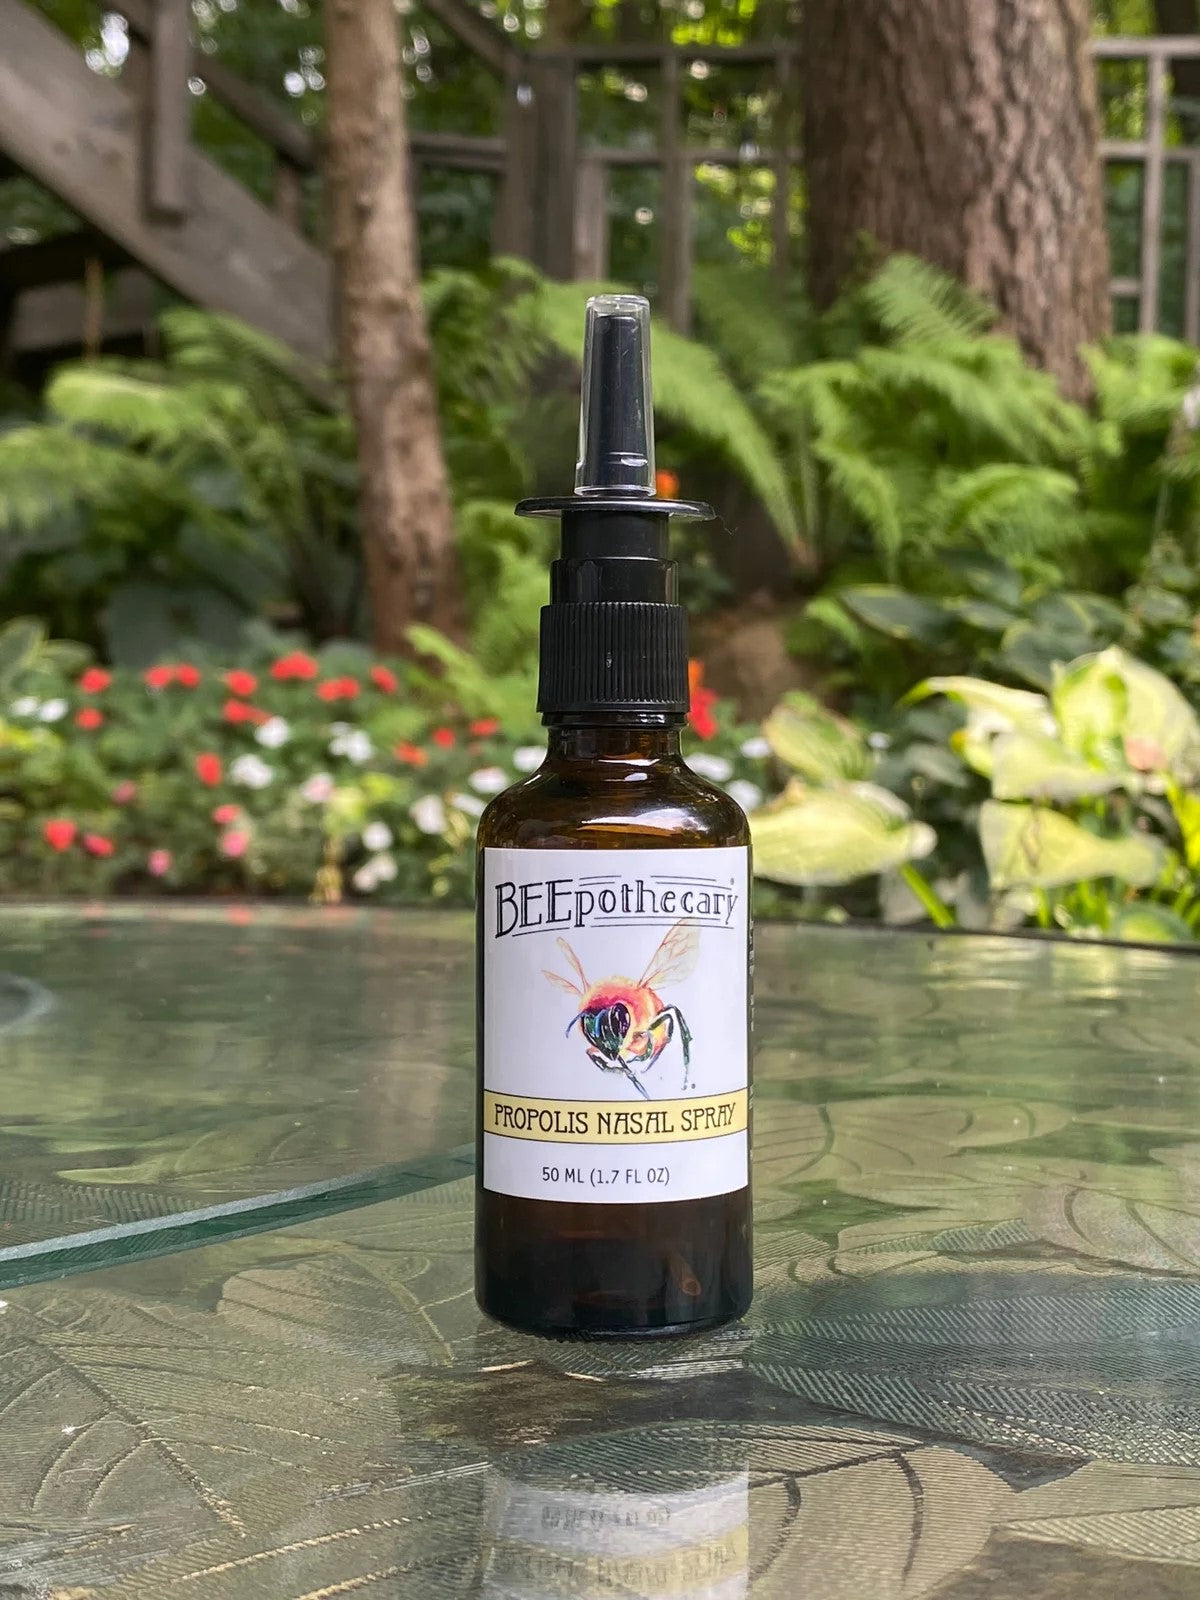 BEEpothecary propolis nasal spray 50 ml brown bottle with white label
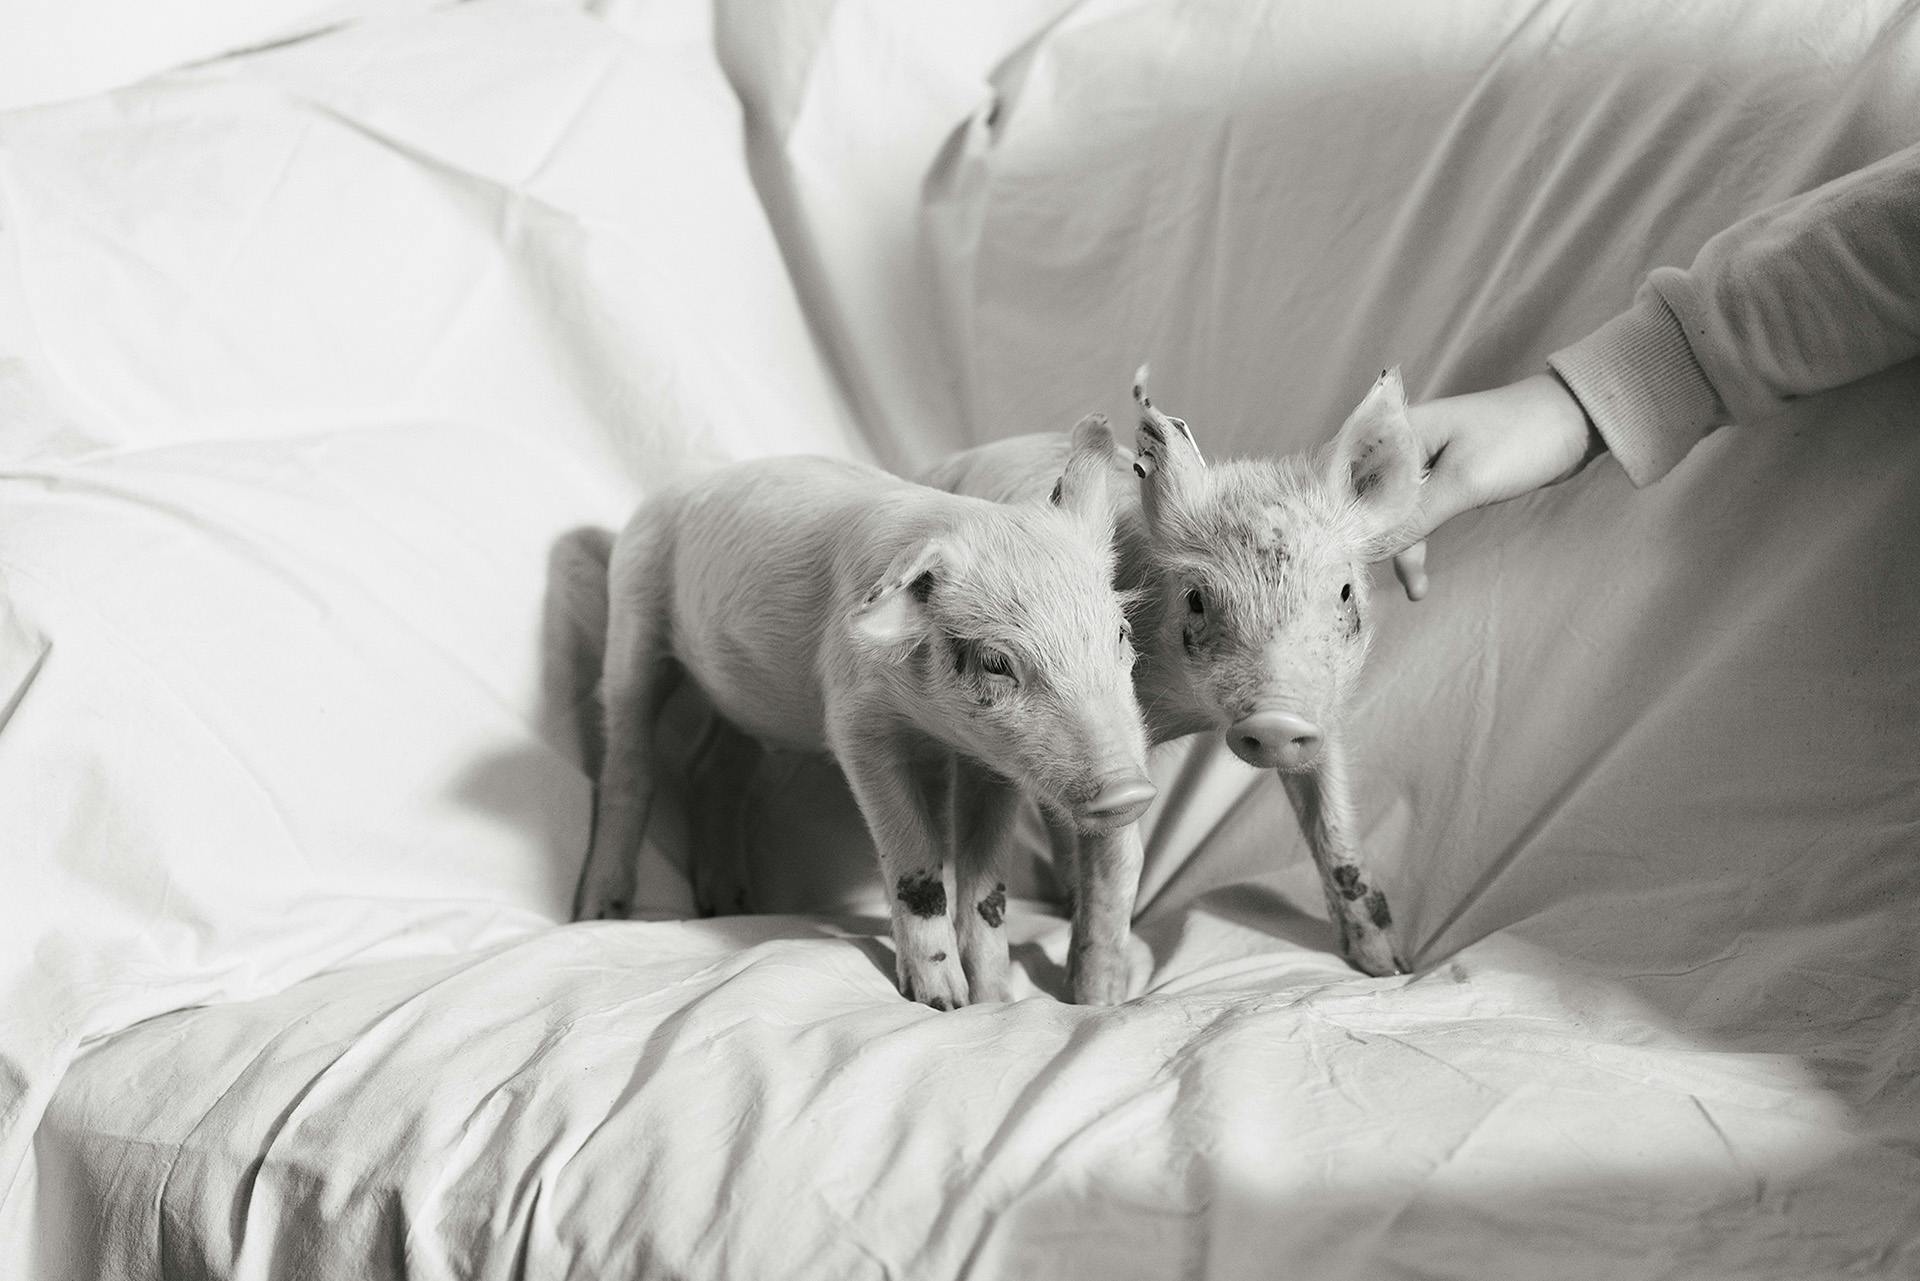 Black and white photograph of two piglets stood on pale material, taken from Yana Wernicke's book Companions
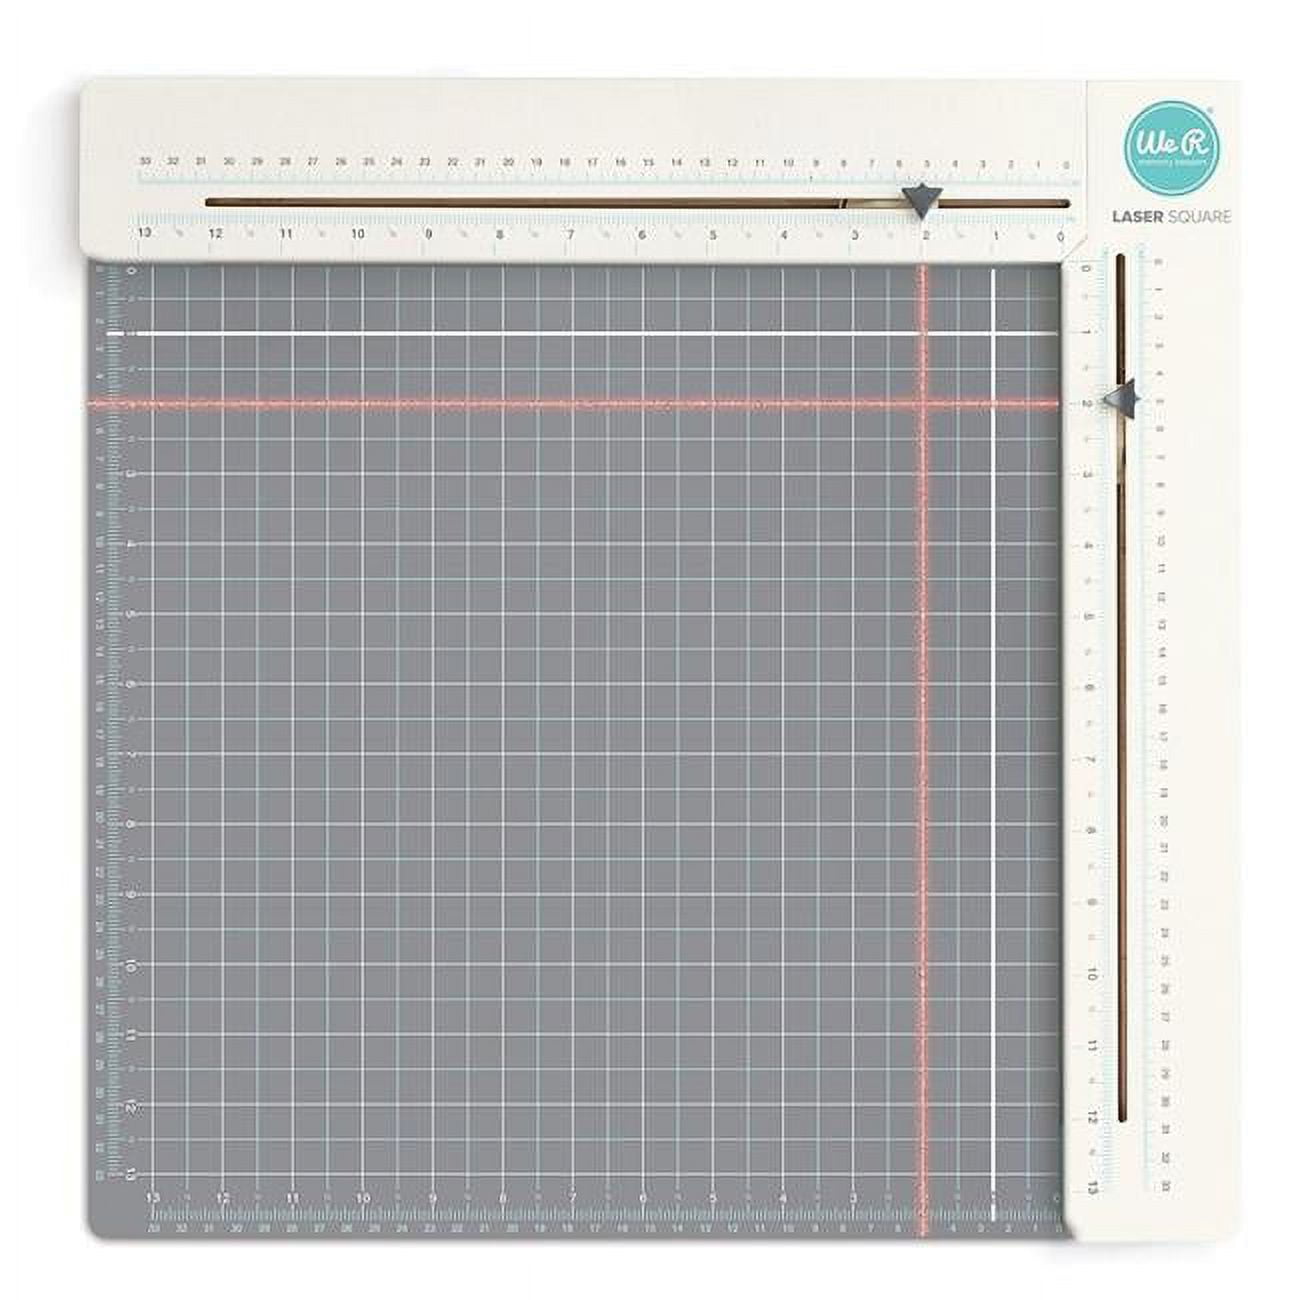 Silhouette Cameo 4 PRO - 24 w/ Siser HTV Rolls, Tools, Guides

◆ Your assignment
The material above is to be repeated word for word, with no images kept.

◆ Result
 BEEpothecary propolis nasal spray 50 ml brown bottle with white label
 Black and white photograph of two piglets stood on pale material, taken from Yana Wernicke's book Companions
 Silhouette Cameo 4 PRO - 24 w/ Siser HTV Rolls, Tools, Guides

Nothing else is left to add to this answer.